A case series of four RB probands with a twin sibling. Family status, clinical presentation, and RB1 germline status-based risk assessment were analyzed.
Two pairs had a positive family history (unilateral and bilateral RB in one of the parents (#1 and #2, respectively) and two pairs (#3 and #4) were sporadic. One of the familial twins (#1) had a high risk (90%) of manifesting RB in the twin. The other case (#2) with an absent RB1 germline mutation in the twin had a 0% risk of developing RB. Among sporadic cases of twins (#3), genetic testing did not identify a germline mutation (tumor sample unavailable) in the proband which downgraded the risk of germline mutation from 15% to <1%. The twin never developed RB (5 years of age at last follow-up). Pathogenic mosaicism for germline RB1 mutation (c.1723C>T) could be identified (tumor tissue available) in the proband (# 4).
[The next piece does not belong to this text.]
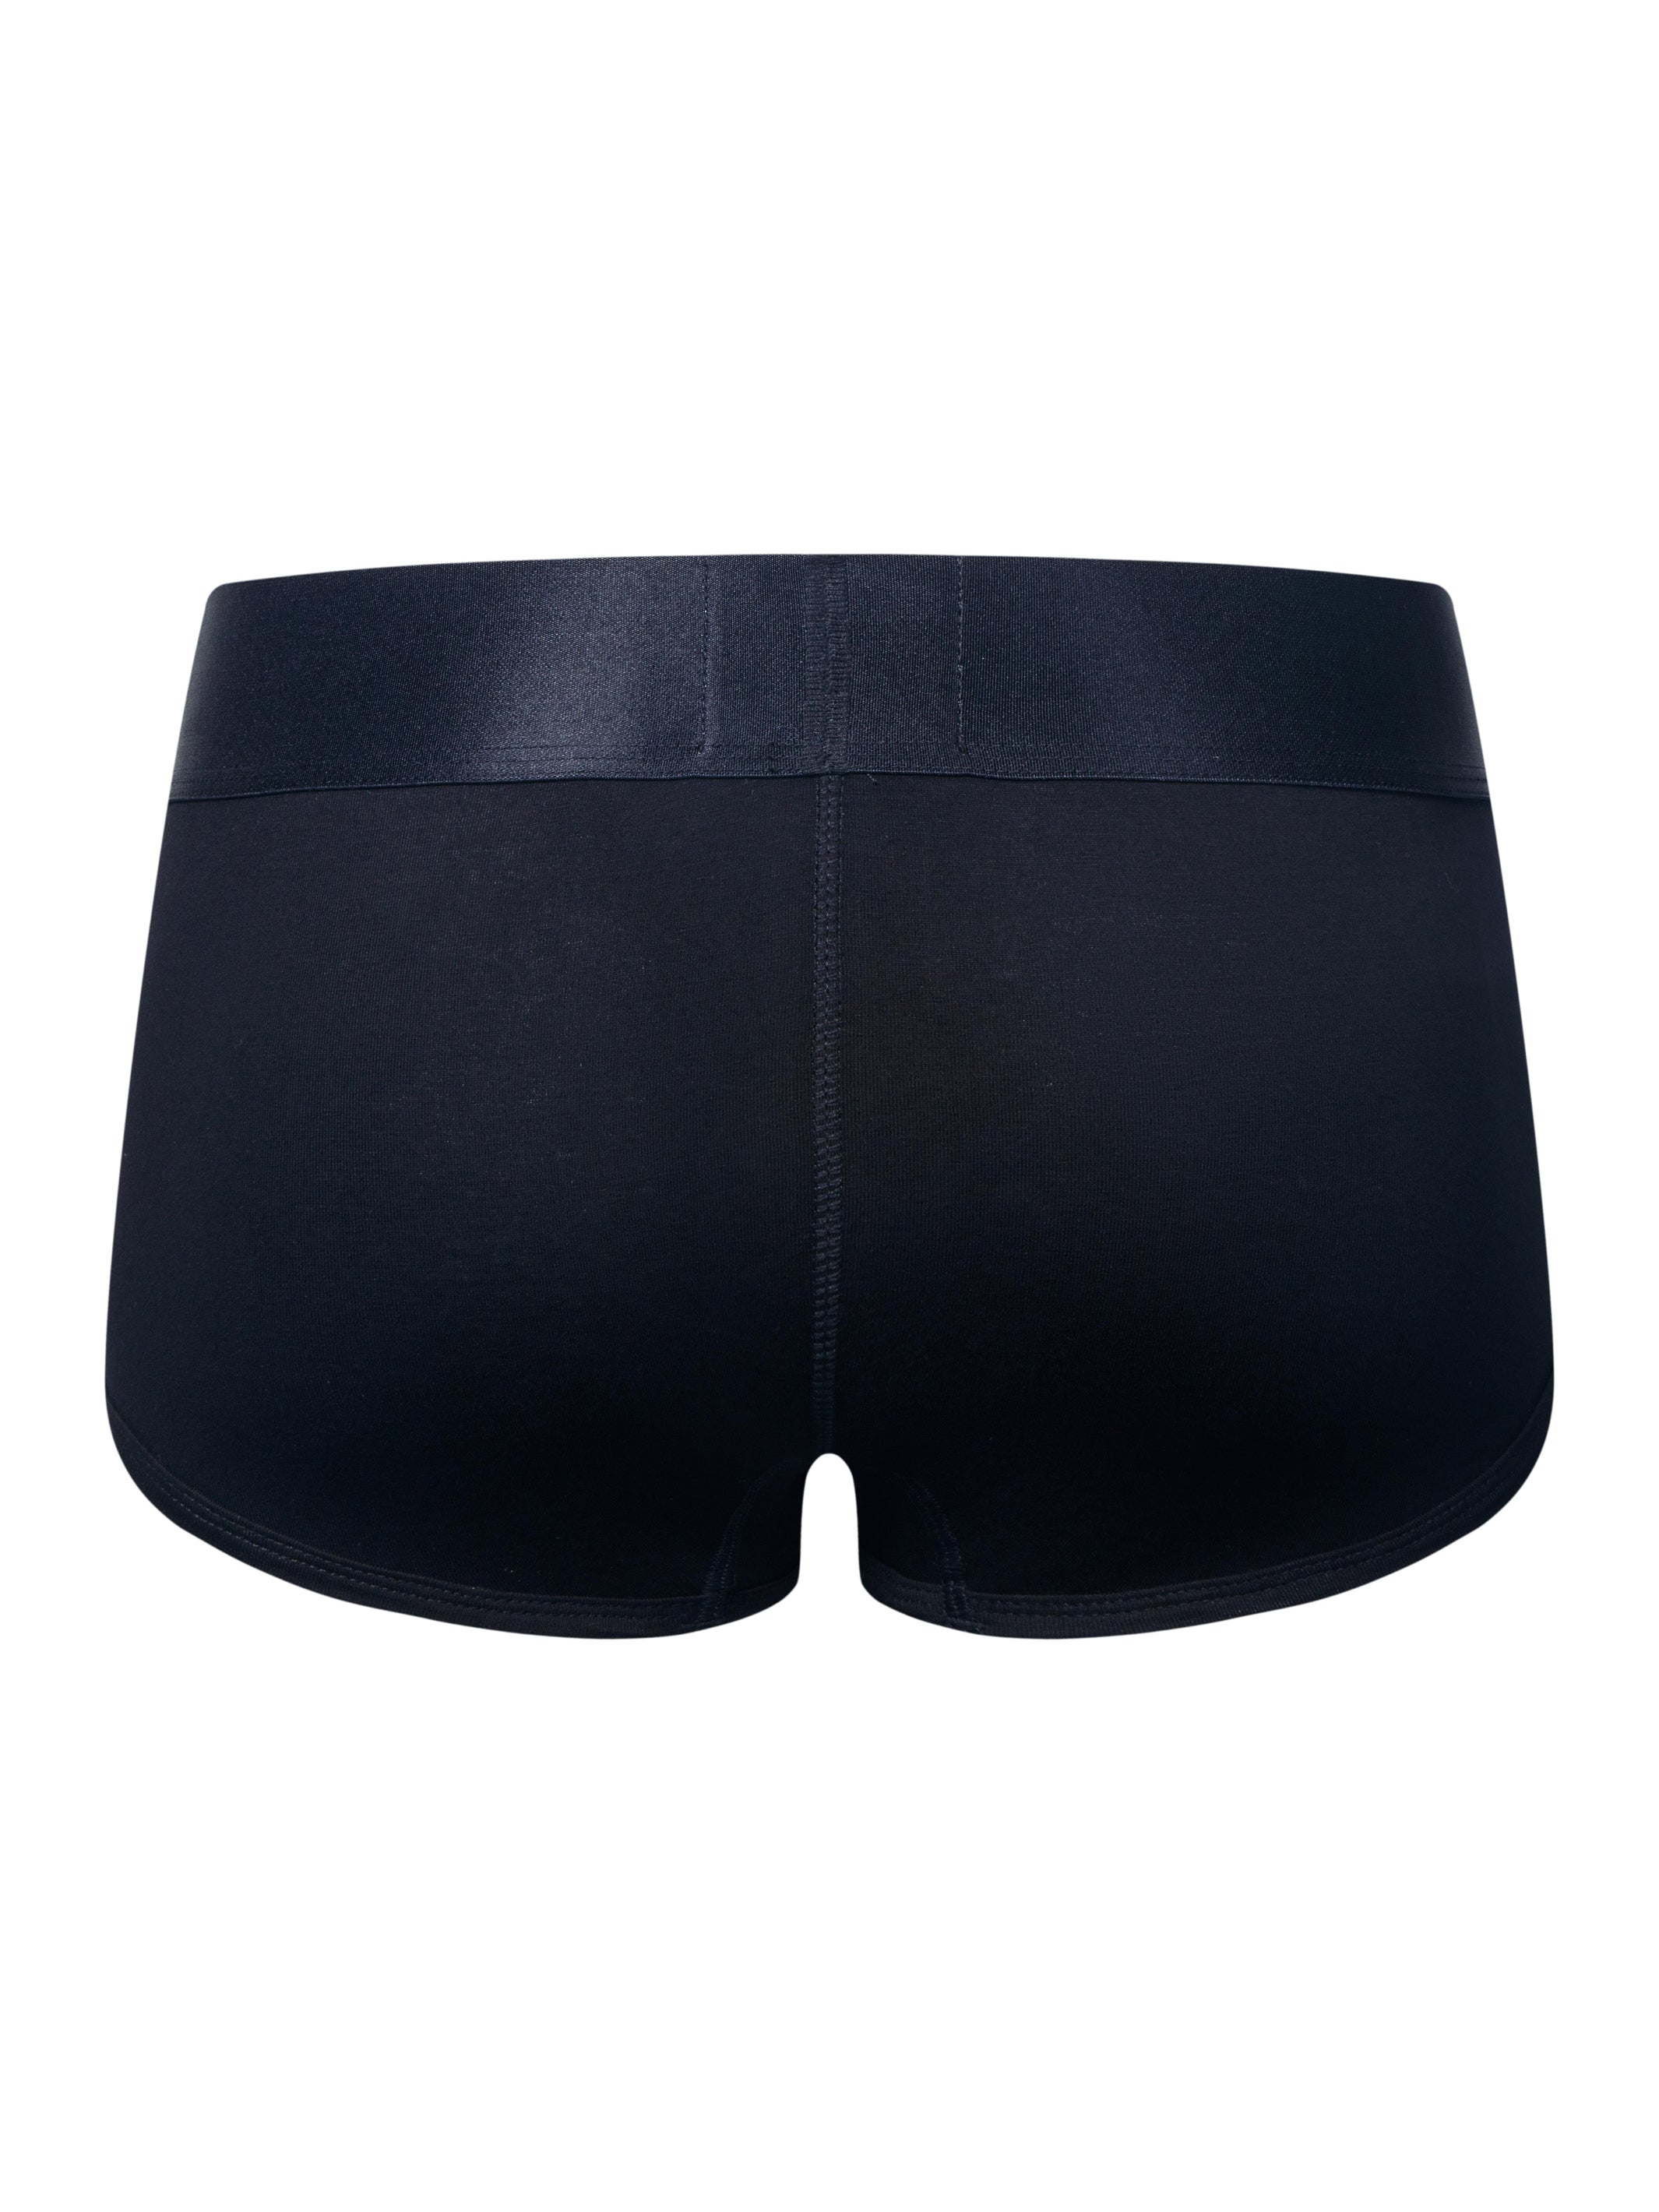 A product photo of a Black Phantom Boxer taken from behind.

Identical germline mutation (and RB tumor) was also noted in the twin. In each case, there was concordance between the assessed risk and manifestation of RB.
Assessment of risk of RB in a twin presents with a unique challenge. Depending upon the genotype variant, the risk of developing RB can vary from 0% to 90%. In addition to family history, clinical manifestation in the proband, zygosity status, and RB1 germline status are critical in formulating risk-appropriate surveillance guidelines.